If he says soemthing about "you knew I was like this when I married you"
"That's an excuse and you know it as well as I do. When you made marriage vows they weren't empty. They were a binding contract. Do you want to stay in this marriage, or do you want to start doing what you promised to do?"
(starts making excuses)
"These are the things that need to be done. These are the things that are missing. Let's see if we can work together to make things better for both of us."
Appeal to his enlightened self interest. Make it clear that he can't just slack and call it a marriage. Either he pitches in or he's out. I think he may find more resources than he thought he had, or at least start helping more. If he doesn't make real efforts within a mutually agreed upon time frame, something else has to be done. I know it's harder because you have kids. And it's going to be MURDEROUS for him if he leaves, because now any income he gets has to partly go to you, and he loses all his licensing (including drivers license) if he doesn't pay. You may want to remind him of that too. But he agreed to this marriage, so did you, and it does sound like he needs his butt dumped in the street if he won't respect that.
By the way, it wasn't my intent here to insult anyone, I am just trying to be direct but if possible supportive.
The point is that that was then and this is now. Tell him that the situation has evolved and he has not - why not? People grow, people change, they don't sit at home on their bums saying I've always been a lazy oaf and I always will be. Tell him that when you have children you're expected to grow to accomodate them.
I'm sorry but his basic attitude really gets right up my nose. He wants you to buy him a car and if you do he might just condescend to look for work? Please tell me you were kidding ...
It's high time you stopped being the house dogsbody. You're out at work every day and you shouldn't be coming home to do all the housework, cooking, etc. as well. Your husband has dug himself into a rut that he doesn't know how to get out of. How old are your children?
Bottom line - it's ultimatum time. He has 3 weeks to find a job (he's obviously not very good at the SAHD part so he might as well work). You don't care what kind of a job (and there are plenty of fast food places that work around part-timers) as long as it gets him off of his behind and out of the house doing something. His attitude is liable to change if he is out among people too. BTW, every day he spends at home doing nothing is a day closer to becoming unemployable. These days there is a lot of competition even for lowly jobs...

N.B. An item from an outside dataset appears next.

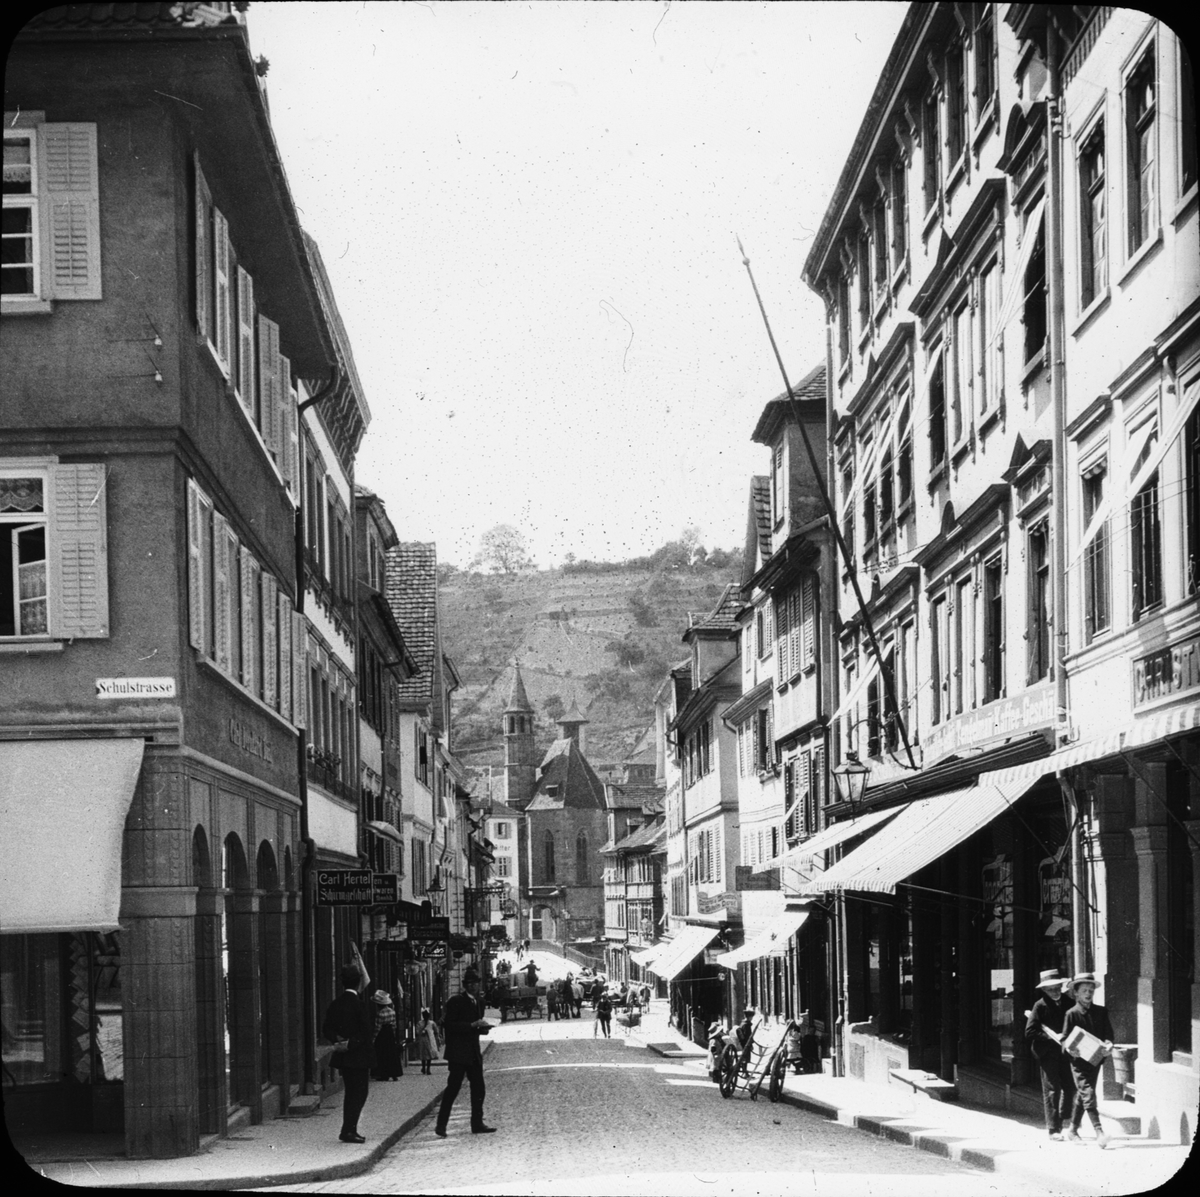 Skioptikonbild med motiv från gatan Neue Strasse, Schwäbisch Hall.
Bilden har förvarats i kartong märkt: Resan Schwäbisch  Hall 9. XIV. Text på bild: "Neue Strasse".

Anyway, like I was saying, light a fire under his posterior and give him a time limit otherwise he's out on his ear and you're filing for divorce. And follow through. If you don't he will never budge again in his life. Tell yourself that there's a better life waiting for you out there and that if he wants to be part of it, well fine, if he doesn't, tough.
There's nothing inherently dirty about sex, but if you try real hard and use your imagination you can overcome that.
Have either of you ever been to see a psychologist/therapist to see if there are any emotional issues that need to be addressed? If nothing else, you yourself should try counseling, you have nothing to lose and all the more to gain.
I dated a woman who was once married to a diagnosed narcissist for 30 years, she was diagnosed as co-dependent herself. Sadly, she needed loads of therapy and still does.